Index-linked Savings Certificates are inflation linked bonds from National Savings and Investments, the state-owned savings bank in the United Kingdom. The bond terms are typically 2,3 or 5 years. The returns are linked to the  RPI (not CPI) with an escalating premium on top. The escalation encourages bonds to be held to term with higher return over inflation in the later years. From 1 May 2019 onwards the returns on bonds that are renewed will be linked to CPI rather than RPI.

Bonds can be cashed in at any time. Bonds cashed in the first year sacrifice their increases to date and return only the initial deposit. Bonds cashed in beyond the first year yield the RPI indexing and premiums up to that month.
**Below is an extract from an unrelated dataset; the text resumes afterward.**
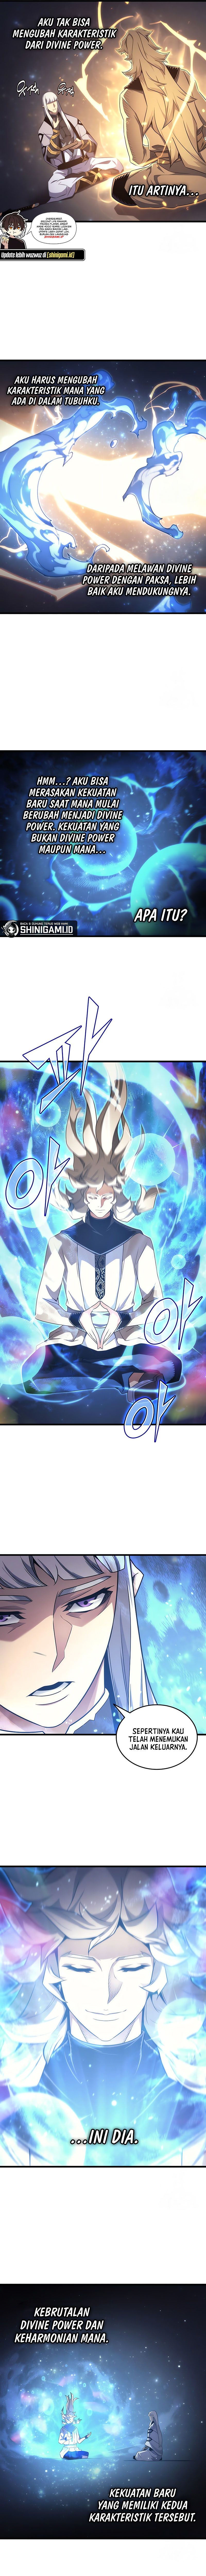 The Great Mage Returns After 4000 Years Chapter 159

Index-linked Savings Certificates are free from UK income tax making them relatively attractive to tax-payers, particularly higher rate tax-payers. They are backed by the Treasury of the UK Government so are considered to be safe deposits.

The bonds come in issues. Each issue has a per person investment limit, currently 15000 pounds.

The certificates used to be known as "Granny Bonds" because they were originally only available to savers who were over the retirement age.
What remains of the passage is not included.